I) Qu’est ce que c’est ?

Le renouvellement de l’écosystème est un sujet qui touche tous les sports professionnels, sans exception. Pour faire simple, il s’agit de l’ensemble des moyens mis en œuvre par les organisateurs (à travers les règlements) afin de maintenir un environnement cohérent et compétitif sur le long terme. En football, le système de ligues permet une rotation des équipes dans les divisions les plus cotées. Le phénomène de relégation/promotion est de mise en Europe, y compris en sports mécaniques pour les pilotes. Aux États-Unis, c’est différent. Les équipes sont franchisées et une fois crées, ne peuvent plus être délogées à moins d’un retrait volontaire.
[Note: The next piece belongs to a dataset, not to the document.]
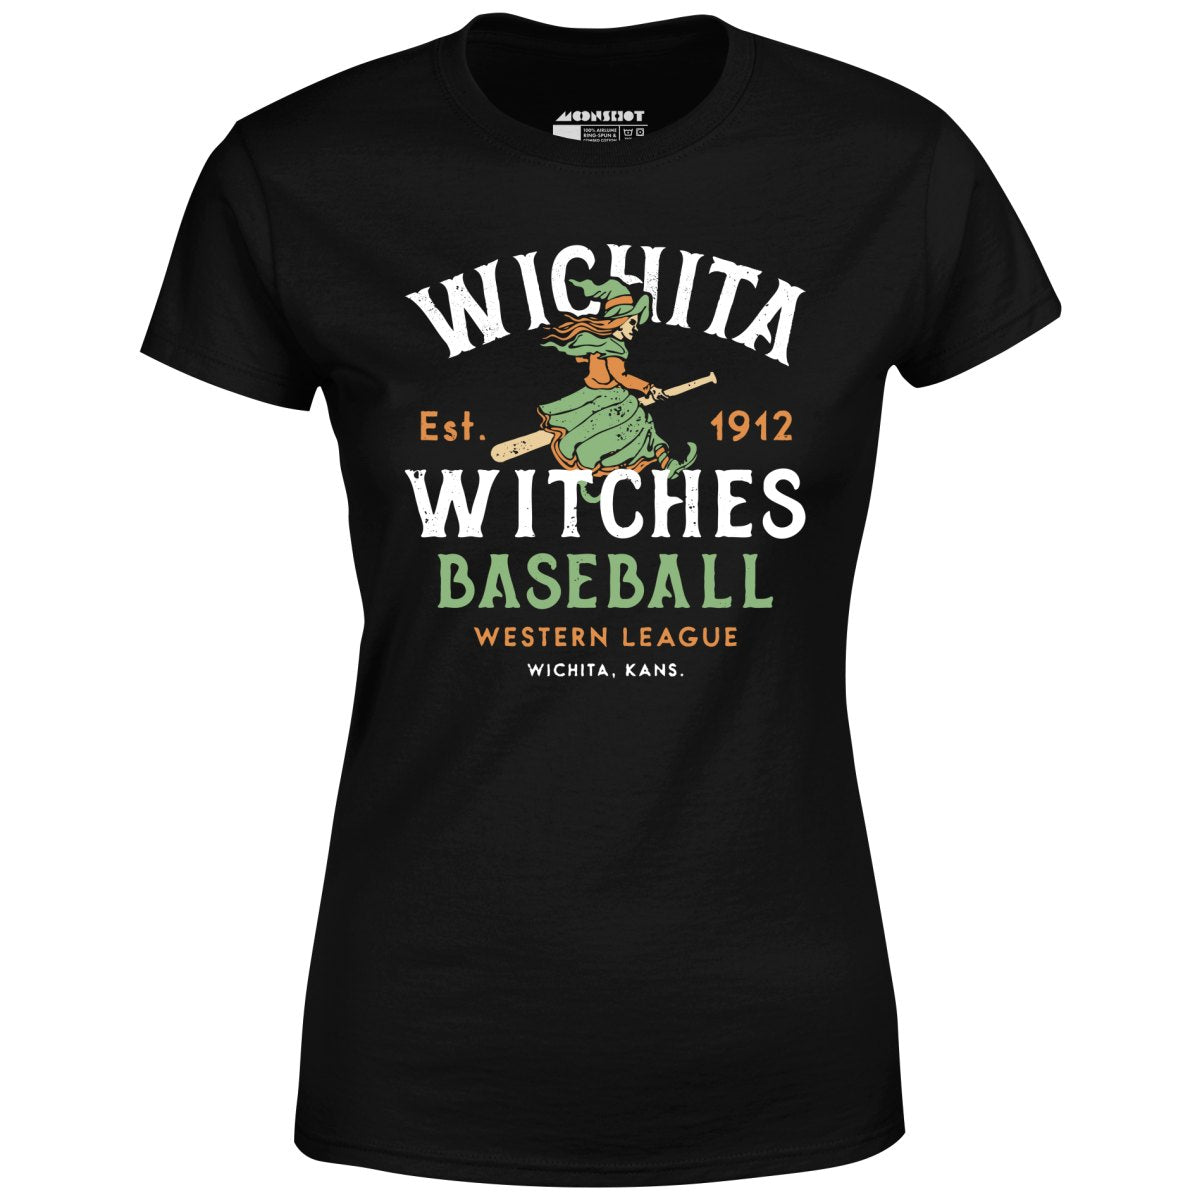 Wichita Witches - Kansas - Vintage Defunct Baseball Teams - Women's T-Shirt

Le système de « draft » compense en injectant tous les ans de nouveaux talents.

Bref, il existe différentes manières de maintenir durablement la compétition au sein d’une ligue ou d’un championnat, dans le but d’éviter toute domination outrancière. Ici, nous n’allons pas discuter de cet équilibre précieux liés aux entités participantes, et ce pour plusieurs raisons. Tout d’abord, l’histoire des sports mécaniques est empreinte de domination liée aux constructeurs. L’activité coûte très cher, et « personne ne peut empêcher quiconque de dépenser son argent ». Deuxièmement, DORNA a très largement œuvré à cela depuis l’introduction des CRT/Open, puis de l’ECU unique en 2016. Rappelons que nous avons eu quatre constructeurs différents titrés au championnat pilotes sur ces quatre dernières années, un nouveau record. Les concessions et les différentes aides permettent aux plus petites équipes de rivaliser avec les plus gros budgets.

 

Le renouvellement est absolument primordial dans l’entretien du spectacle. Il faut garder à l’esprit que des pilotes qui se succèdent au top ne donnent pas des idoles et n’assoient pas une base de fans à long-terme. Photo : Michelin Motorsport

 

II) Mais alors, quel est le problème ?

Qui, dans les faits, fait évoluer cet environnement ? Les pilotes. Et un énorme changement a lieu de ce point de vue. C’est de cela que nous allons parler. Le fait que KTM se sépare d’un champion Moto2 un an après son accession en catégorie reine est problématique, peu importe son résultat. C’est presque impossible à croire, mais il y a trop de pilotes excellents en Grands Prix. Si c’est une bonne chose pour le spectacle, cela pourrait bien devenir un souci à long terme. Explications.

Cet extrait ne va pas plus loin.